- [Work to be completed]:
Write out every line of the material as it stands, apart from the pictures.

- [Supplied information]:
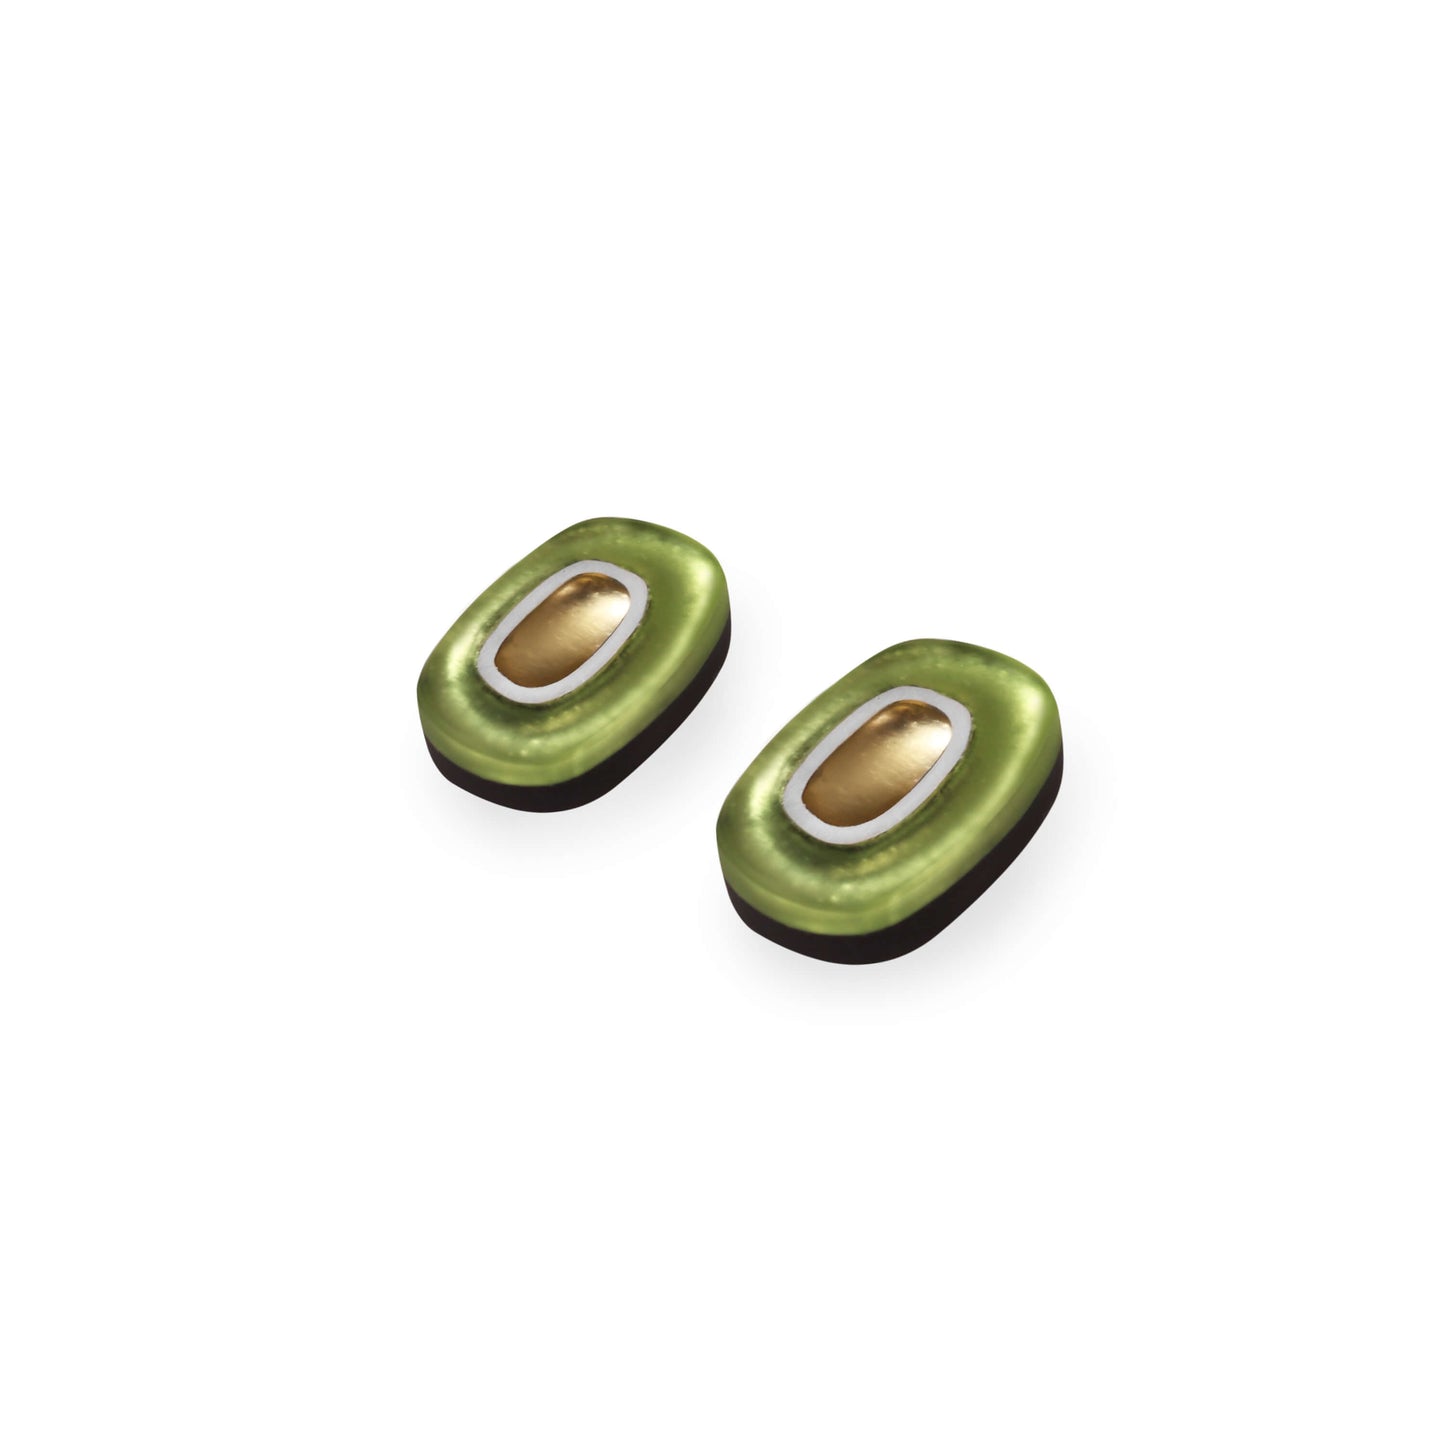 Kiwi Retro Ovals Matte Stud Earrings
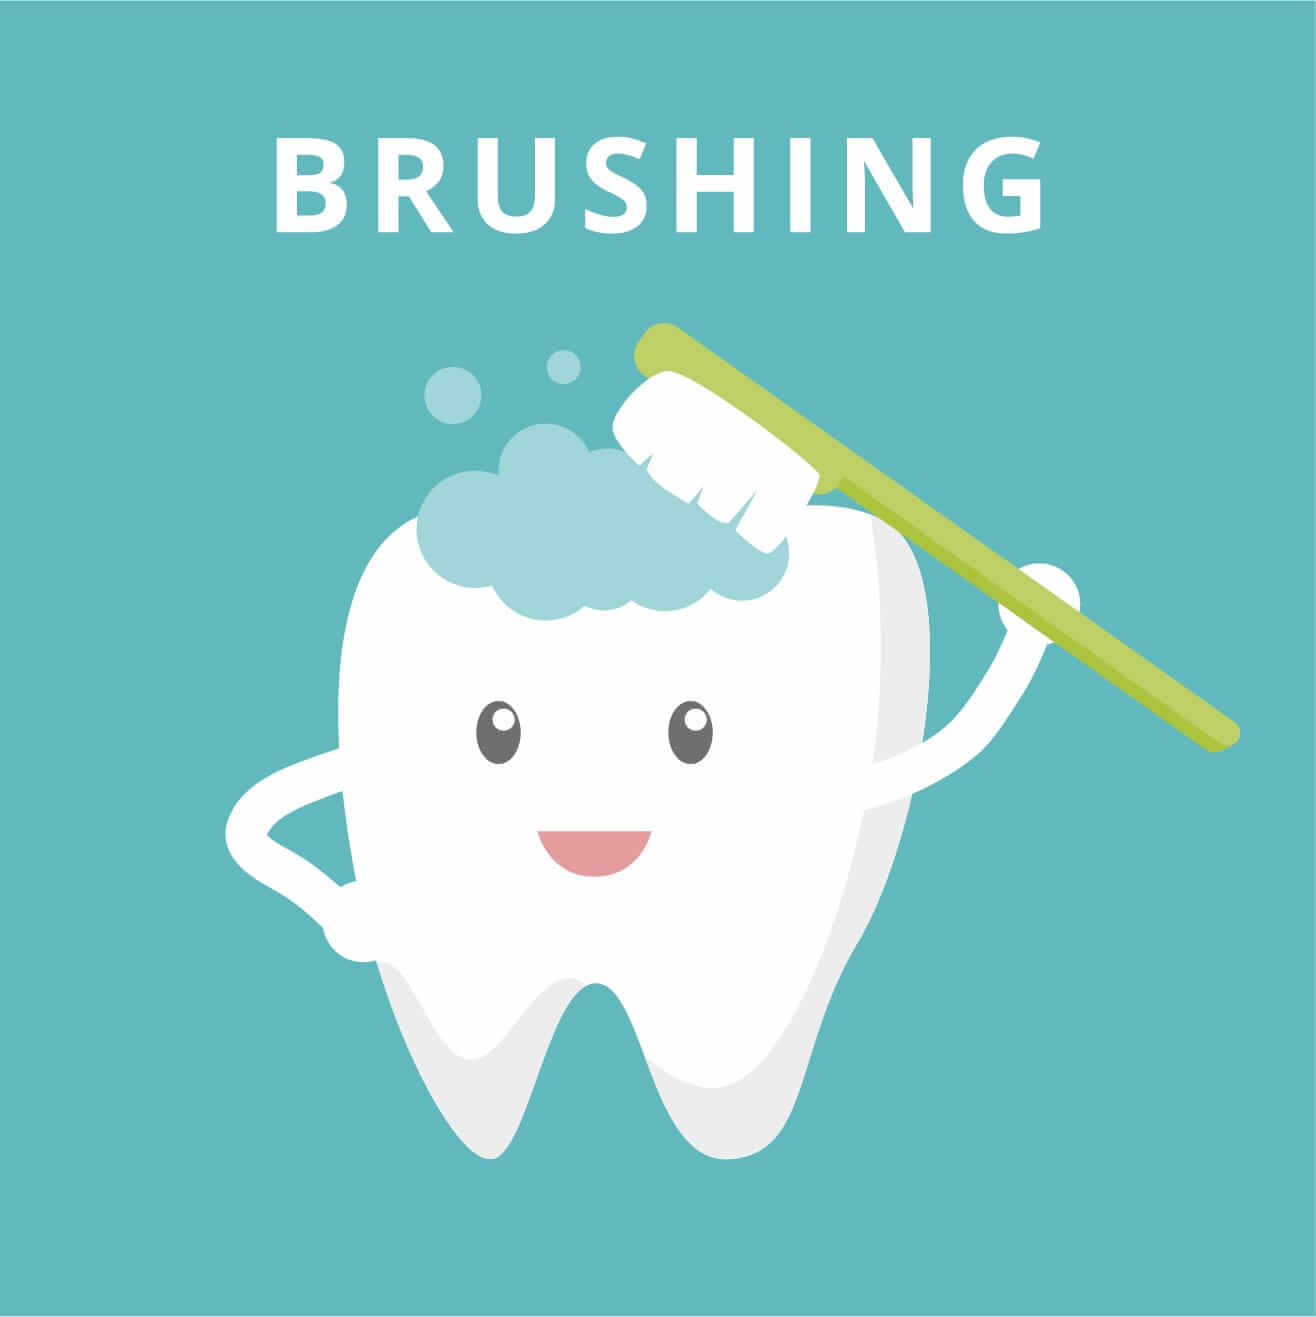 Правильно чистить зубы до завтрака или. Правильно чистить зубы до завтрака или после завтрака. Когда лучше чистить зубы до или после завтрака. Зубы надо чистить до завтрака или после завтрака. Утром нужно чистить зубы до еды или после.
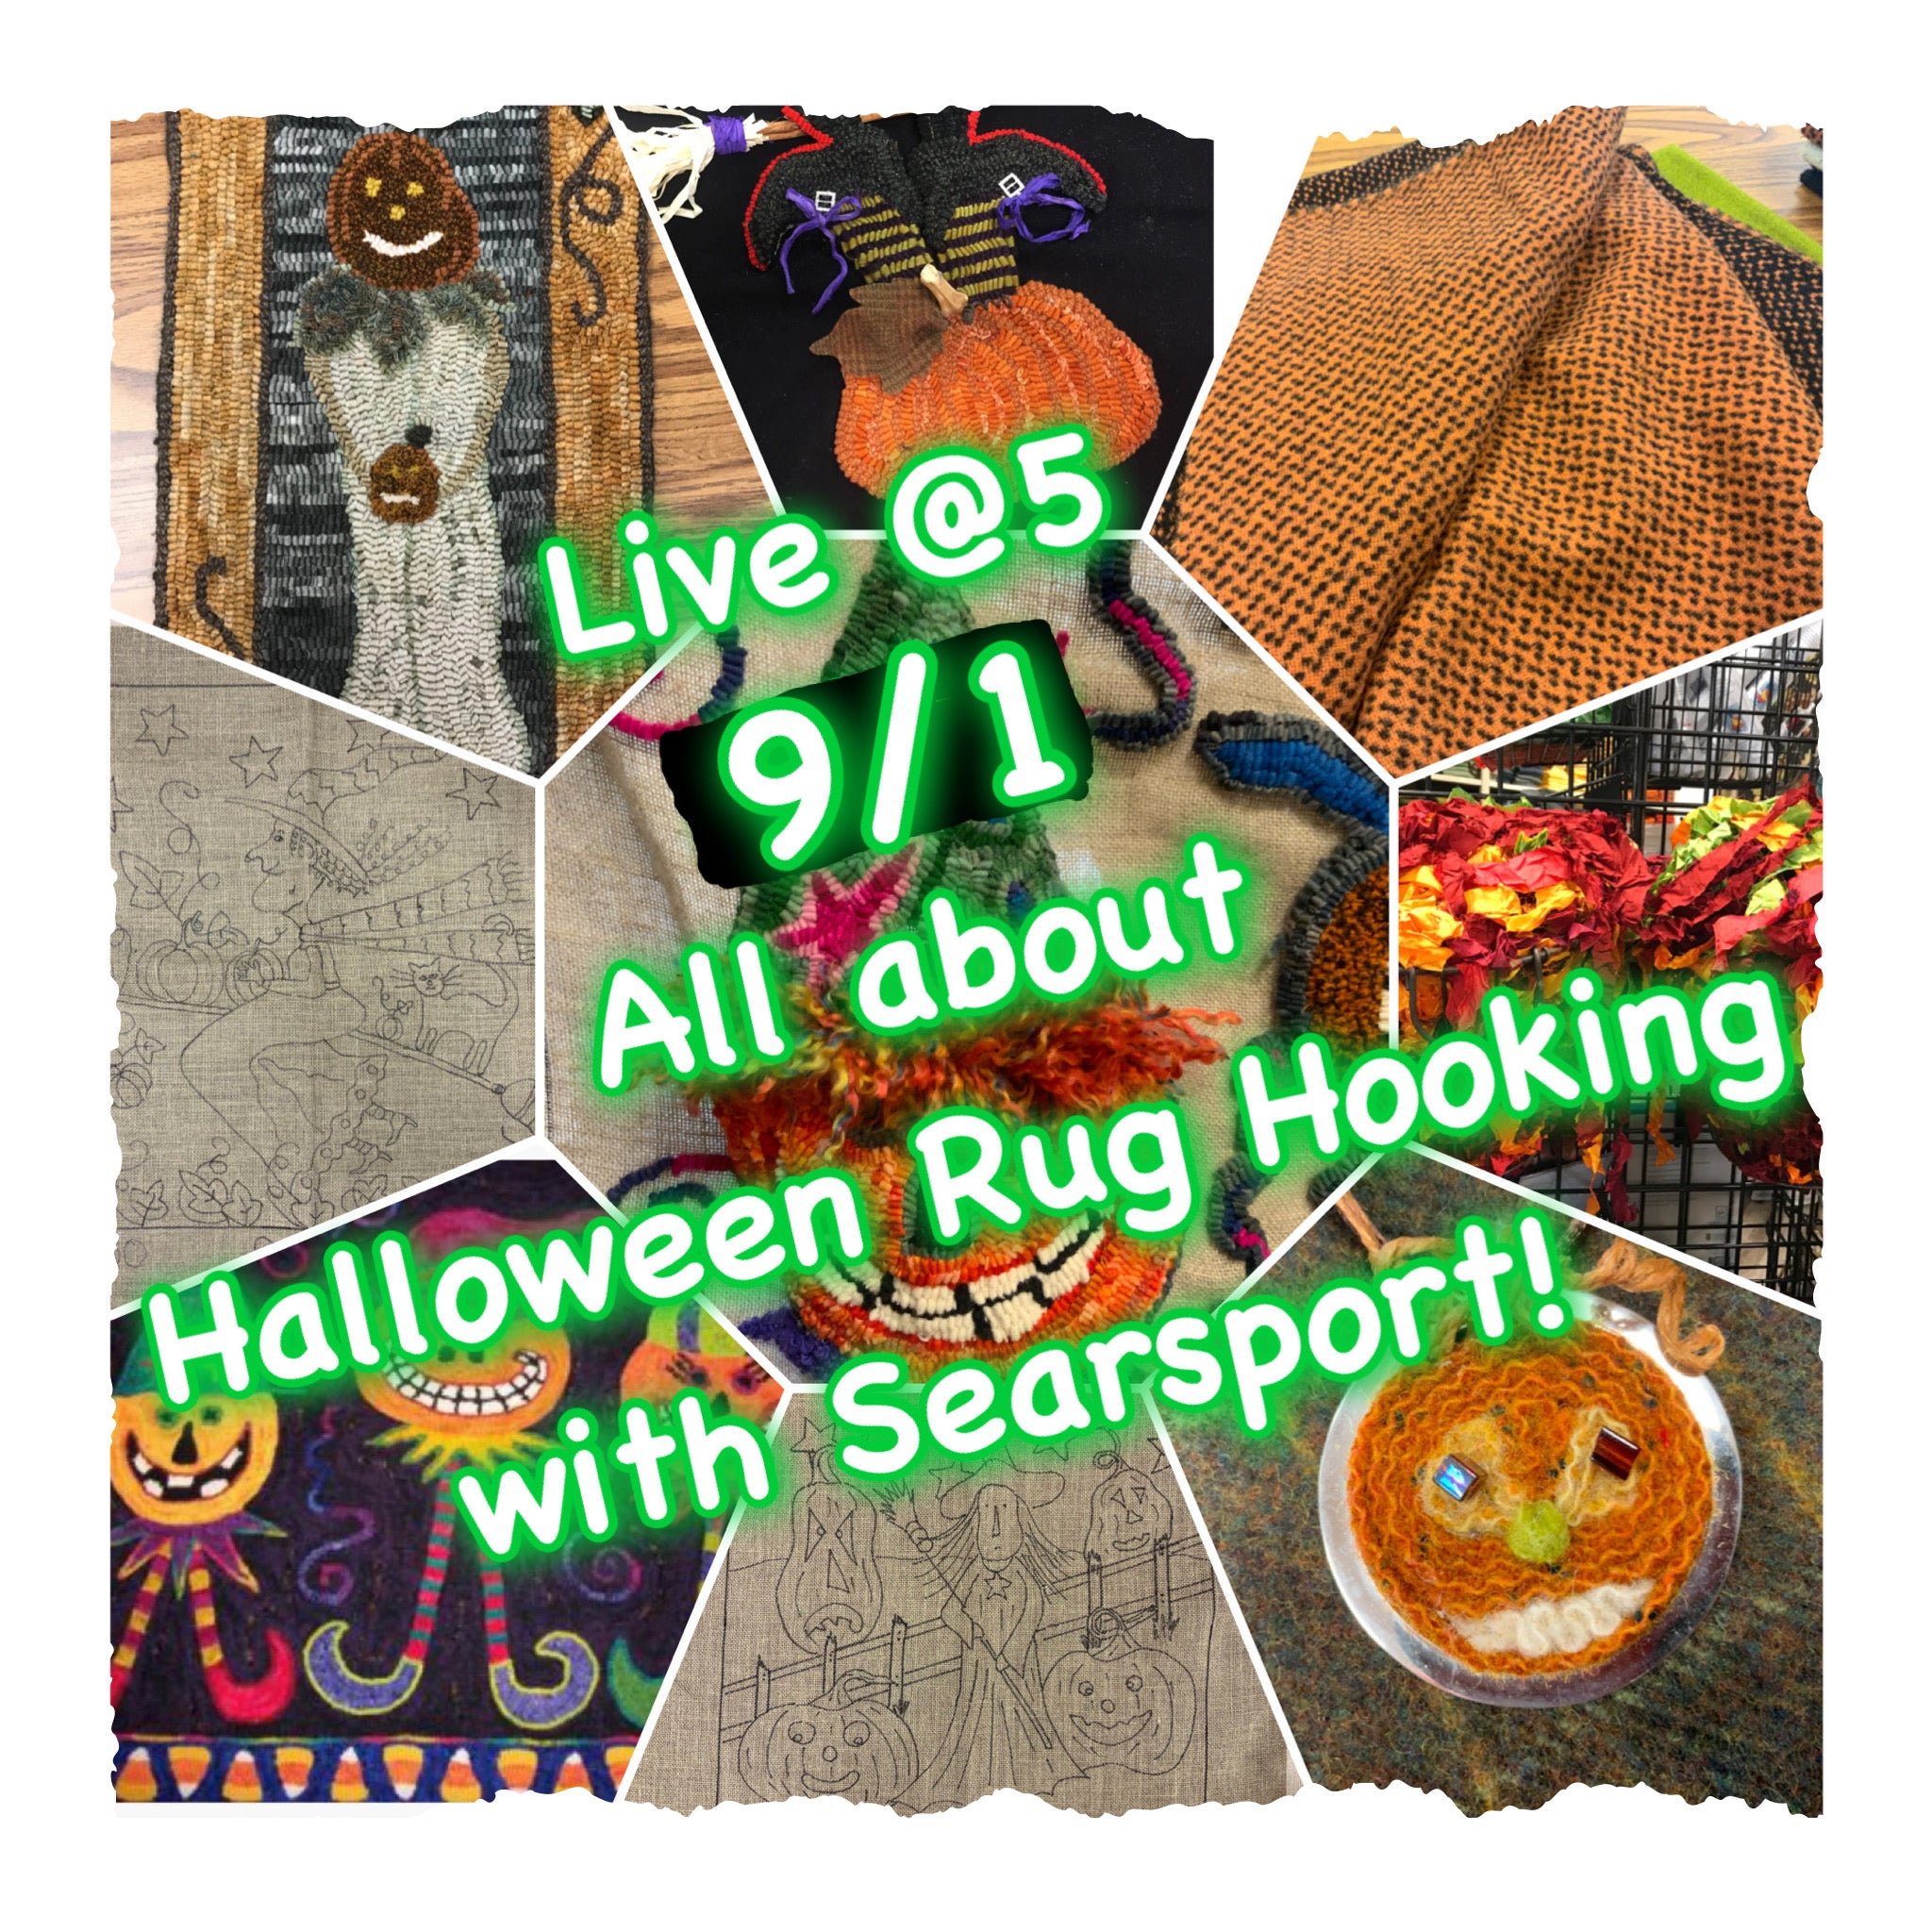 Rug Hooking for Halloween 5 O’clock Friday

- [Expected answer]:
 Kiwi Retro Ovals Matte Stud Earrings
 Правильно чистить зубы до завтрака или. Правильно чистить зубы до завтрака или после завтрака. Когда лучше чистить зубы до или после завтрака. Зубы надо чистить до завтрака или после завтрака. Утром нужно чистить зубы до еды или после.
 Rug Hooking for Halloween 5 O’clock Friday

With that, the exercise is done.